Q1: Let $A$ be a matrix in $\mathbb{C}^{n \times n}$. Is $A$ diagonalisable in the sense that there exists an invertible matrix $T \in \mathbb{C}^{n \times n}$ such that $$ T^{-1} A T $$ is a diagonal matrix?

A1: Yes, it is always possible.

A2: This only works if one can find a basis $(e_1, \ldots, e_n)$ consisting of eigenvectors of $A$.

A3: No, it never is diagonalisable.

Q2: Let $A$ be a matrix in $\mathbb{C}^{n \times n}$. Is $A$ unitarily diagonalisable in the sense that there exists a unitary matrix $U \in \mathbb{C}^{n \times n}$ such that $$ U^{\ast} A U $$ is a diagonal matrix?

A1: Yes, it is always possible.

A2: This only works if $A$ is a normal matrix.

A3: No, it never is unitarily diagonalisable.

Q3: Let $X$ be a complex Hilbert space and $T: X \rightarrow X$ a self-adjoint compact operator.
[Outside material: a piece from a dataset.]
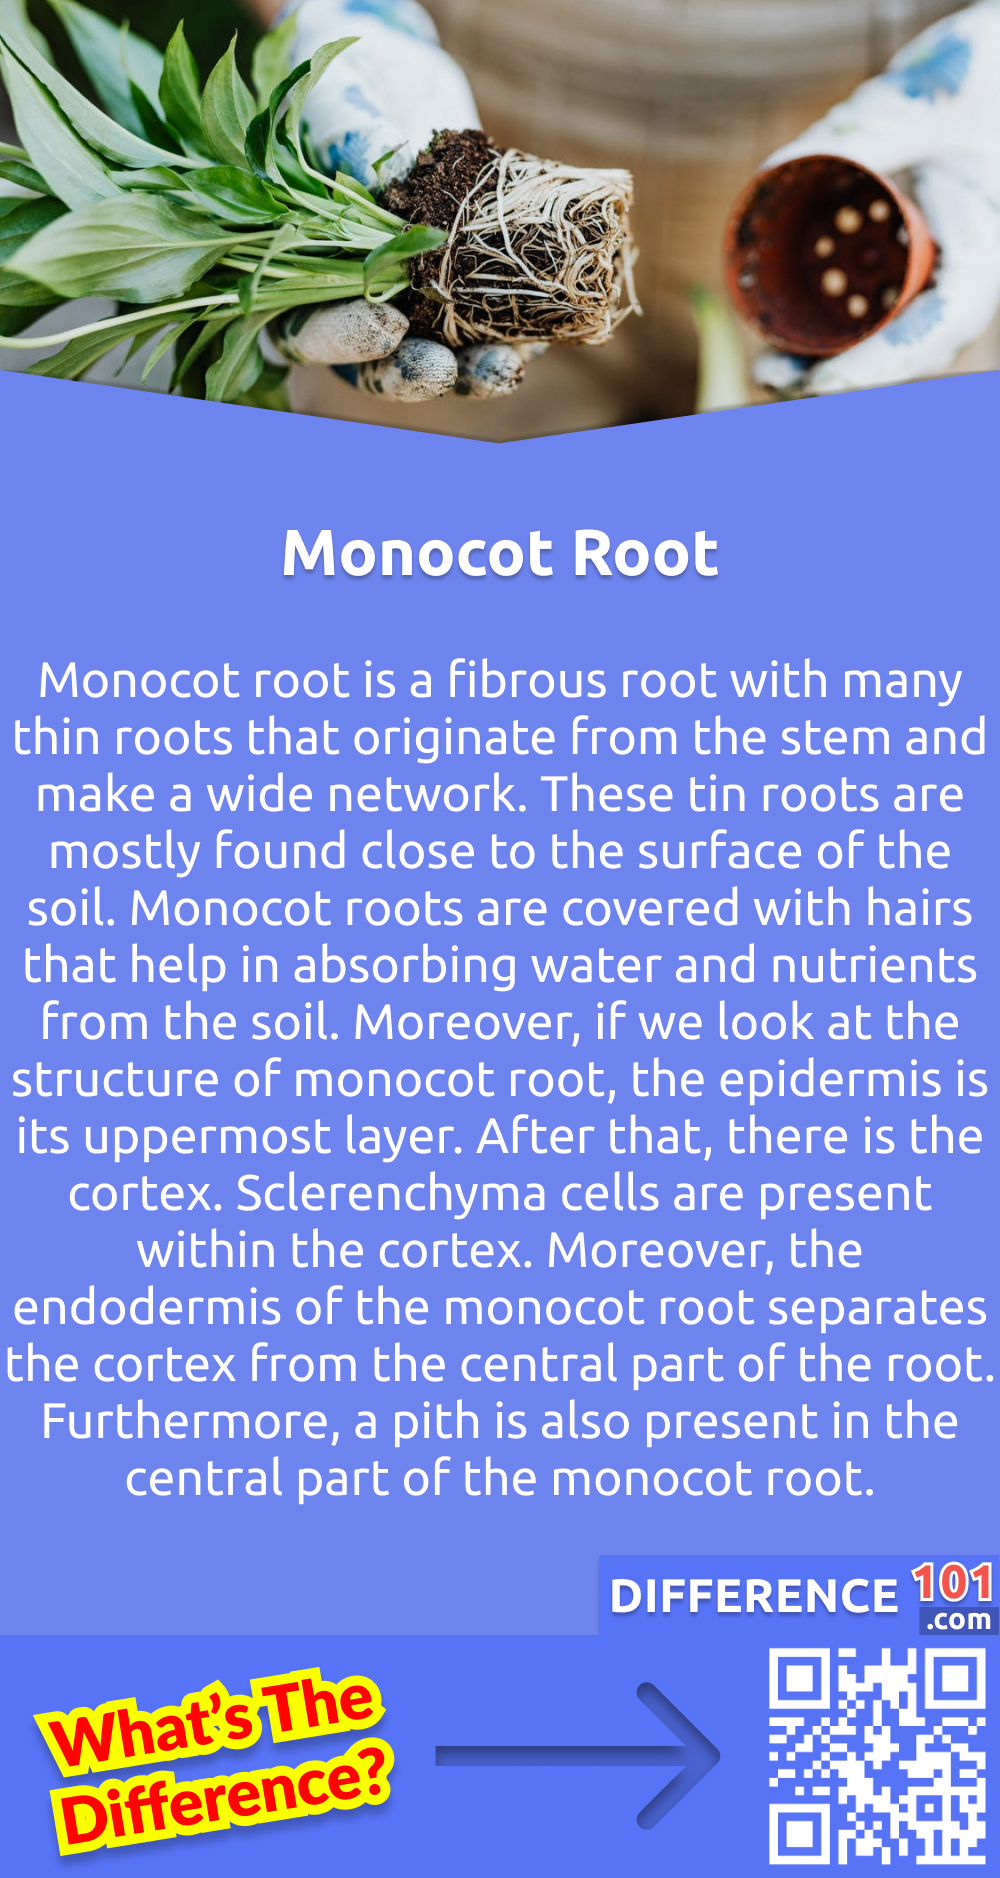 What Is Monocot Root? Monocot root is a fibrous root with many thin roots that originate from the stem and make a wide network. These tin roots are mostly found close to the surface of the soil. Monocot roots are covered with hairs that help in absorbing water and nutrients from the soil. Moreover, if we look at the structure of monocot root, the epidermis is its uppermost layer. After that, there is the cortex. Sclerenchyma cells are present within the cortex. Moreover, the endodermis of the monocot root separates the cortex from the central part of the root. Furthermore, a pith is also present in the central part of the monocot root.

Which statement is not correct, in general?

A1: If $\lambda \neq \mu$ are two eigenvalues of $T$, then there are two eigenvectors $e_1$ and $e_2$ that are orthogonal.

A2: There is a finite or infinite sequence of eigenvalues $(\lambda_i)$ of $T$ with corresponding eigenvectors $(e_i)$ chosen as an orthonormal system.

A3: $T$ can be written as $$ T x = \sum_k \lambda_k e_k \langle e_k, x \rangle$$ for $x \in X$.

A4: The operator norm of $T$ is given by the maximum of the absolute value of the eigenvalues of $T$.

A5: $T = 0$ is not possible.